About this task:
What are the lines below, starting at the line containing "Hand Knotted Serenity" and ending at the line containing "Do I Need to Go to the ER to Remove a Tick?"? Write them out exactly, ends included, without pictures.

Input records:
+===+
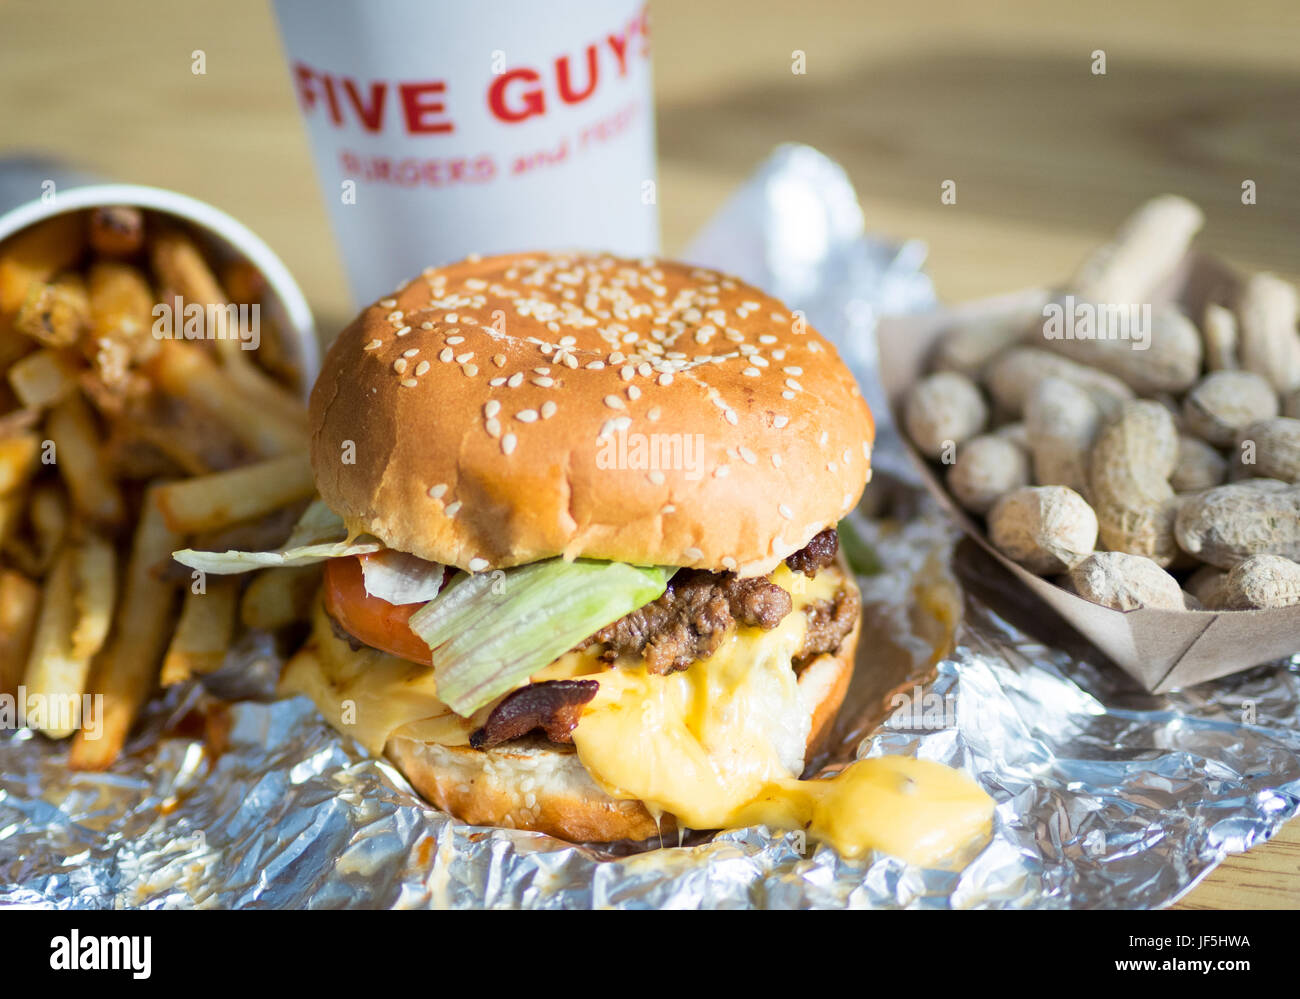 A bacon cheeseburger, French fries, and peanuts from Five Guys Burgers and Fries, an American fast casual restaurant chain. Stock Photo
+===+
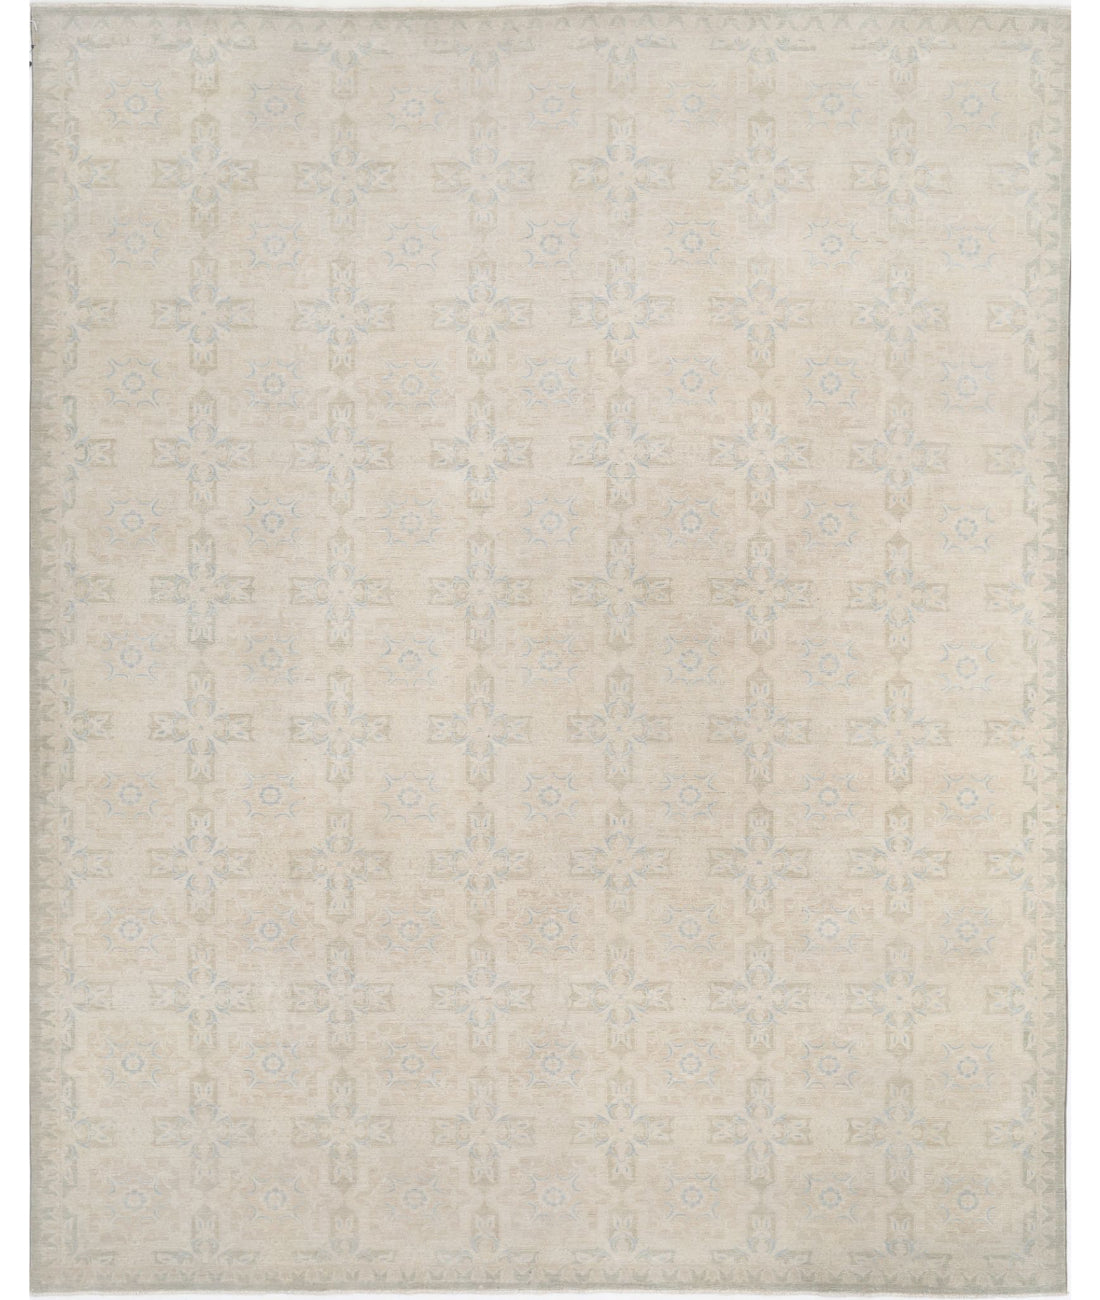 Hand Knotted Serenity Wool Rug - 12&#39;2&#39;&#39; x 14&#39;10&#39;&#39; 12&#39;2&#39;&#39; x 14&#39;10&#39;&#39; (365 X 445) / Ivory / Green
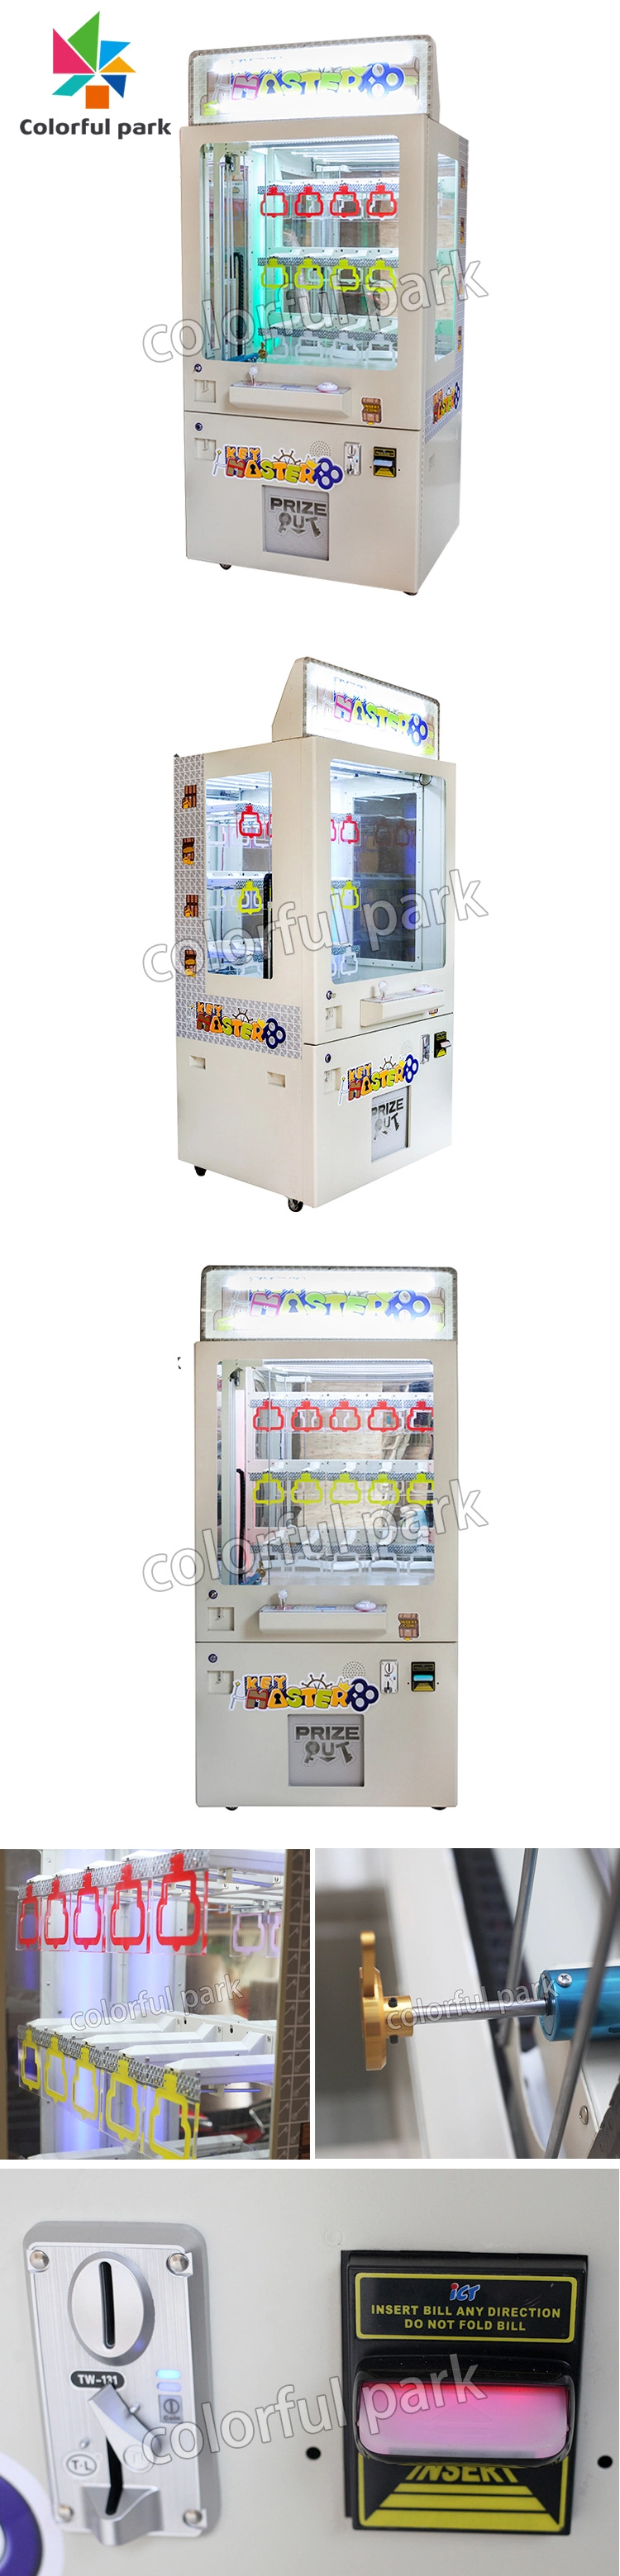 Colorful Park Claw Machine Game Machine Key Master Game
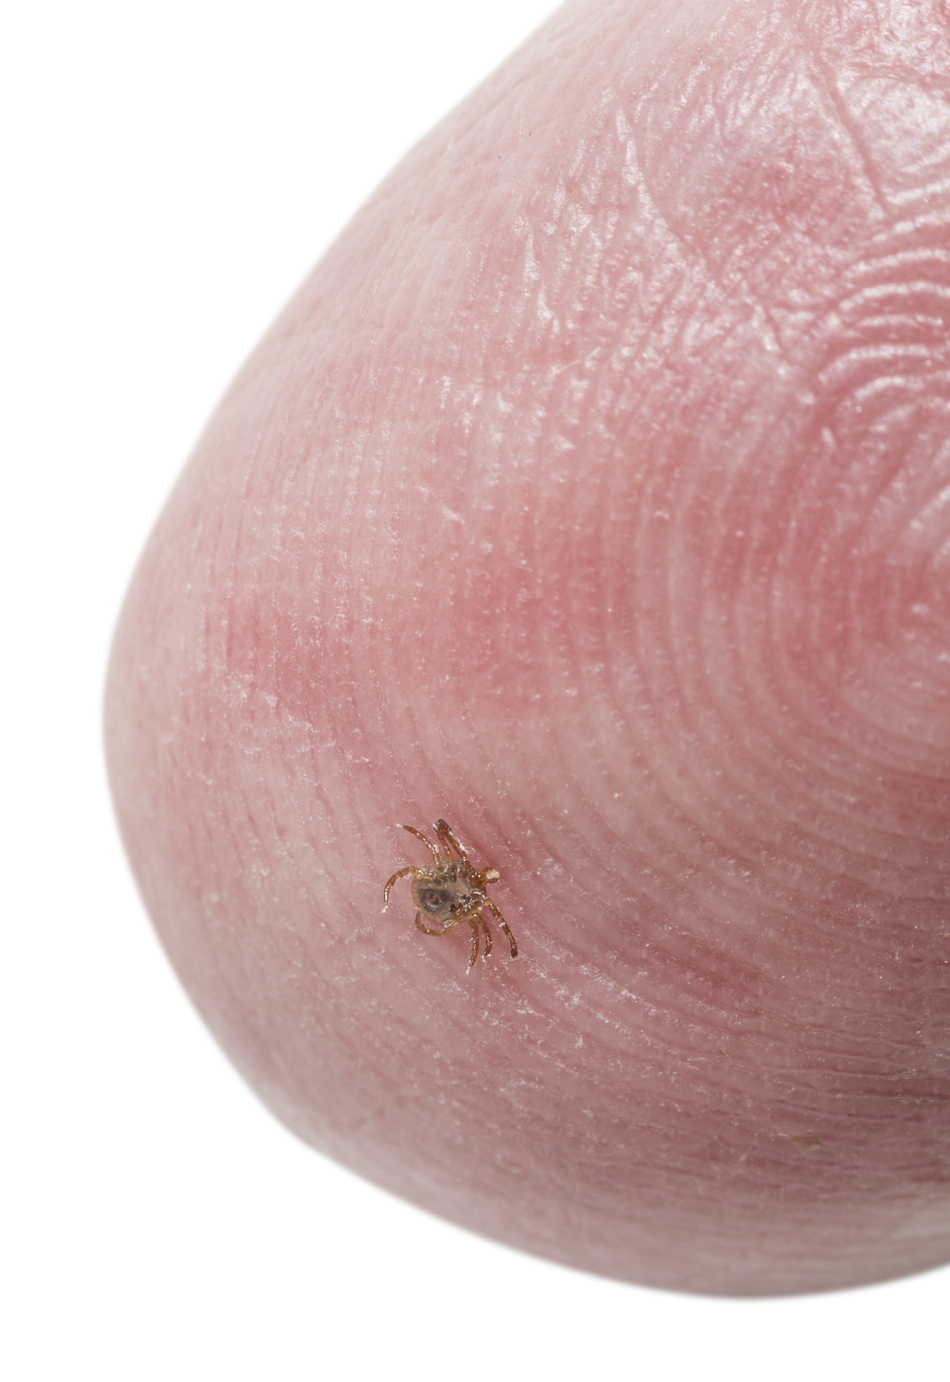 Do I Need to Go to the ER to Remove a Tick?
+===+
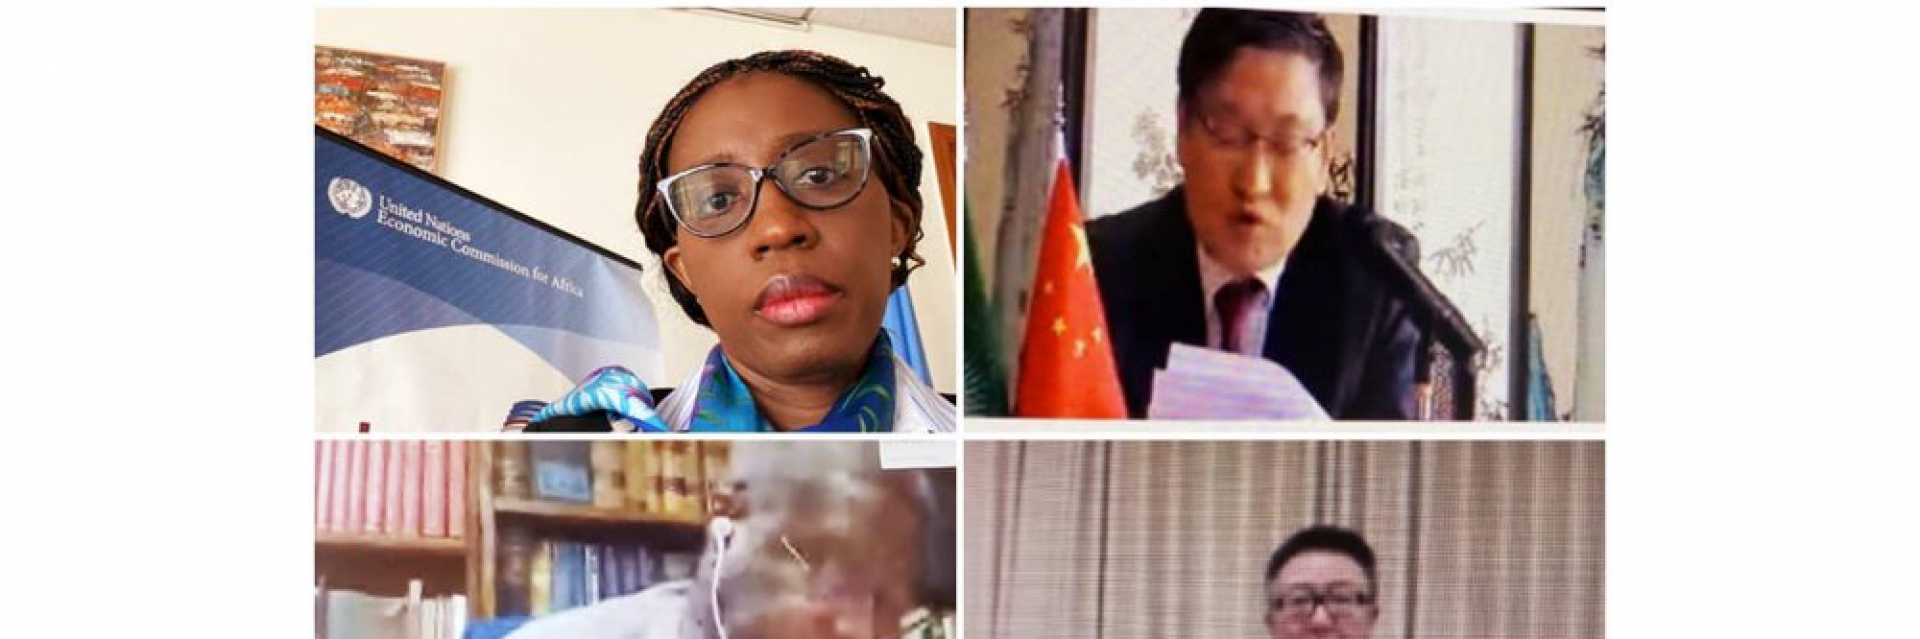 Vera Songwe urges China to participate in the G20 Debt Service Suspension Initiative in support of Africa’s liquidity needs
+===+
Result below:
 Hand Knotted Serenity Wool Rug - 12&#39;2&#39;&#39; x 14&#39;10&#39;&#39; 12&#39;2&#39;&#39; x 14&#39;10&#39;&#39; (365 X 445) / Ivory / Green
 Colorful Park Claw Machine Game Machine Key Master Game
 Do I Need to Go to the ER to Remove a Tick?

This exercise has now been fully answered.